Open source “self-hosted web archiving” tool

What is ArchiveBox?

ArchiveBox is an open source, self-hosted web archiving solution, it helps individuals or organizations save web content for offline browsing and ensures long-term data accessibility

The goal is to allow users to proactively save the web content they care about, so as to avoid losing important information due to link failures, content changes, or service offline. Can be archived: Bookmarks, social media content (such as Facebook photos, YouTube videos), research papers, legal evidence, etc.

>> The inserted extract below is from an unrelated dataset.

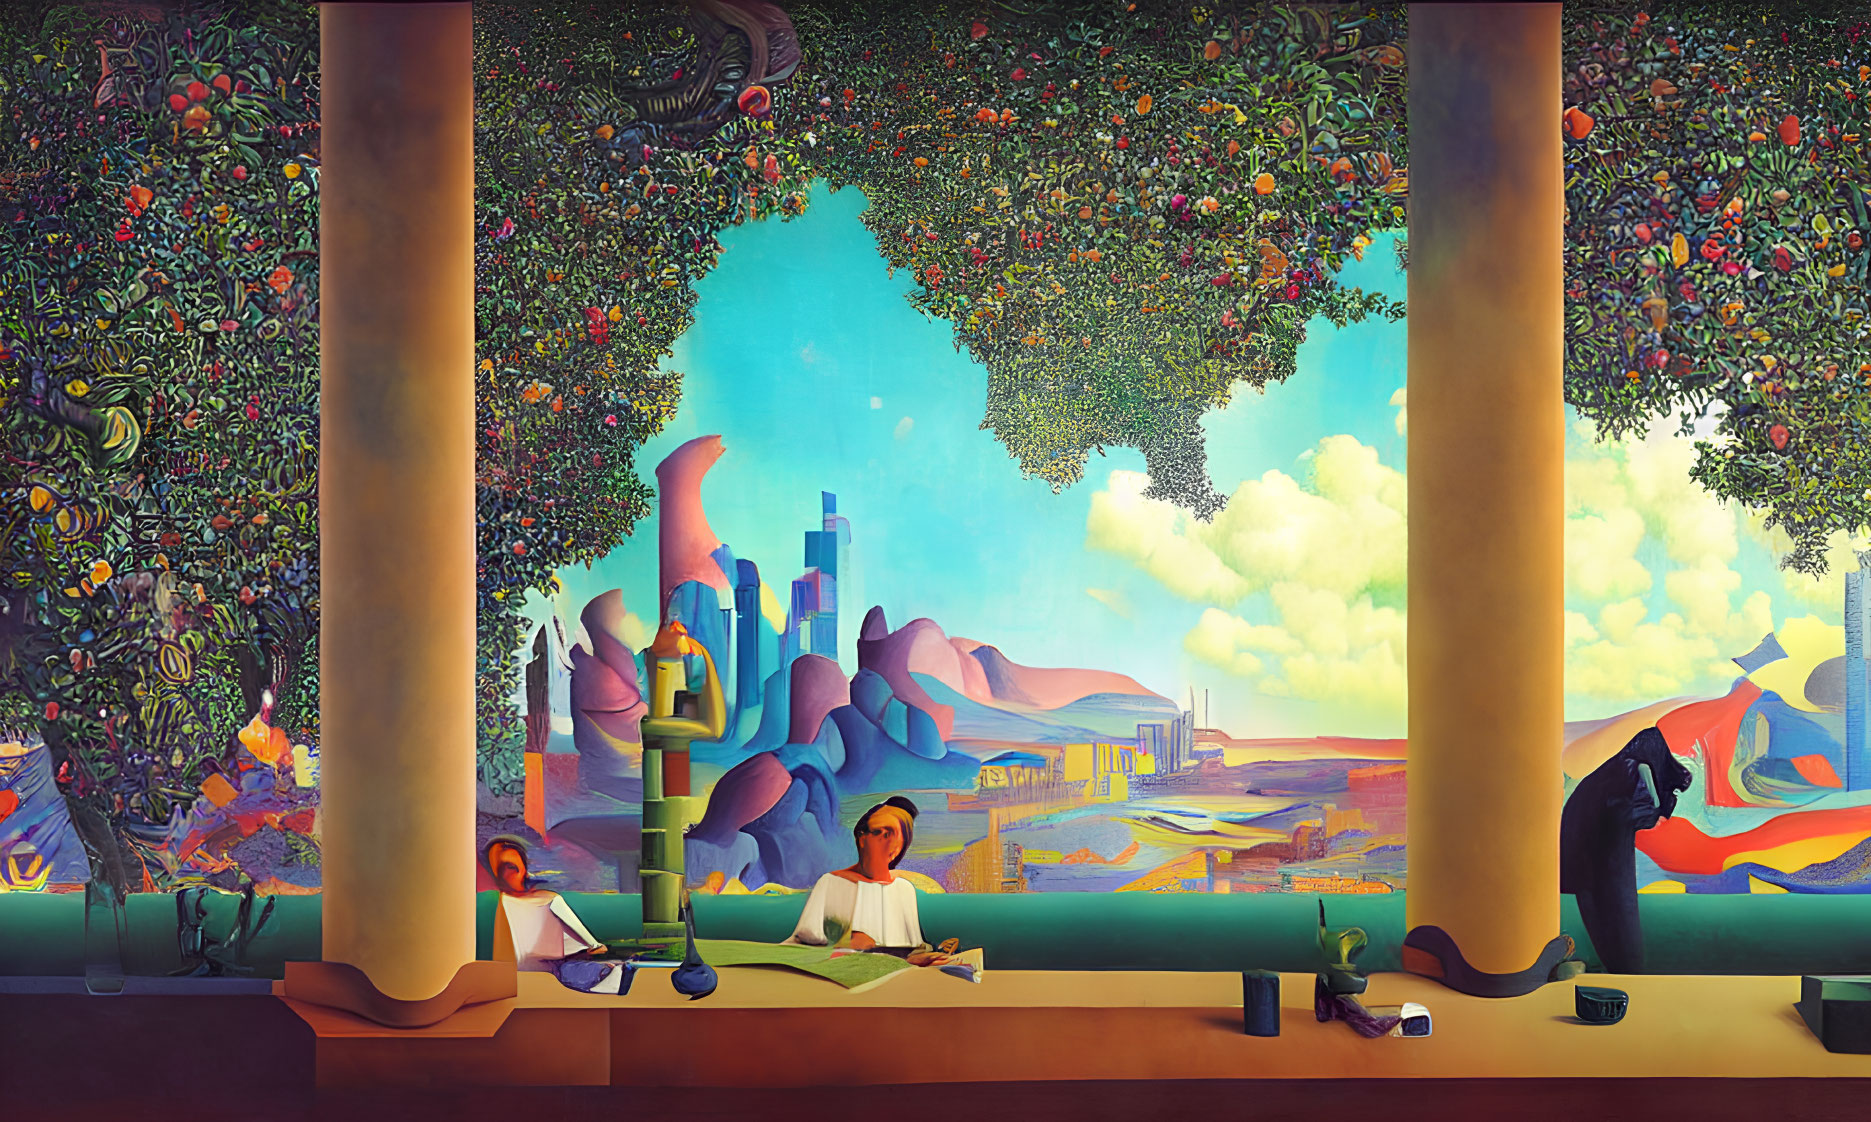 Colorful mural of orchard, cityscape, people at counter, contemplative figure

Core functions and technical characteristics

Various input methods

You can enter what you want to save into the ArchiveBox from multiple sources, including:

  • Individual URL
  • Browser bookmarks or history
  • RSS feed
  • Pocket, Pinboard and other collection services

Automatically grab and save content in multiple formats

ArchiveBox generates multiple archive formats for each page, such as:

  • Original HTML, SingleFile HTML, Screenshots PNG, PDF, WARC, etc.
  • Social media content: TXT text, comments, authors, pictures, etc.
  • Media content: MP3/MP4, subtitles, metadata, thumbnails, etc.
  • Code hosting services (GitHub/GitLab): Clone code, README, etc.

Multiple access methods

  • Command Line Tool (CLI): Complete control and automated script integration
  • Web application interface: Intuitive operation and preview
  • Python libraries/ REST APIs/ Webhooks: Convenient for secondary development and integration

data storage mode

  • Save using a file system without requiring proprietary formats
  • Archive content is stored in a local folder for long-term use or migration

Installation and deployment methods

ArchiveBox supports multiple installation methods, and the following are recommended:

  1. Docker / Docker Compose (recommended)
    Contains all dependencies for easy deployment and upgrade.
  2. Command line installation (for Linux / macOS / Debian, etc.)pip install archivebox archivebox installor use curl | bash one-click script.
  3. supported platforms: Linux, macOS, BSD (native), Windows can be used through Docker or WSL2
  4. resource requirements: Minimum 500 MB RAM, recommended ≥2 GB; file systems that support compressed storage (such as ZFS, BTRFS) are more efficient

Working principle and design concept

  • ArchiveBox uses a variety of tools (such as wget, headless Chrome) to grab content.
  • The author believes that the core advantage lies in “decentralization”, avoiding relying on a single service (such as archive.org) for all network archives, saving them by users themselves and sharing them in the future
  • The project uses the Django framework to build the backend and uses SQLite as the local database; the plug-in system is based on Pluggy; and the REST API uses django-ninja and Pydantic

Quick Get Started Example

  1. initialize project directorymkdir my_archive && cd my_archive archivebox init --setup
  2. Add the URL to archivearchivebox add https://example.com
  3. Launch a local Web service previewarchivebox server
  4. Import history or bookmarks
    Support the import of Pocket, Pinboard, browser bookmarks, RSS feeds, etc.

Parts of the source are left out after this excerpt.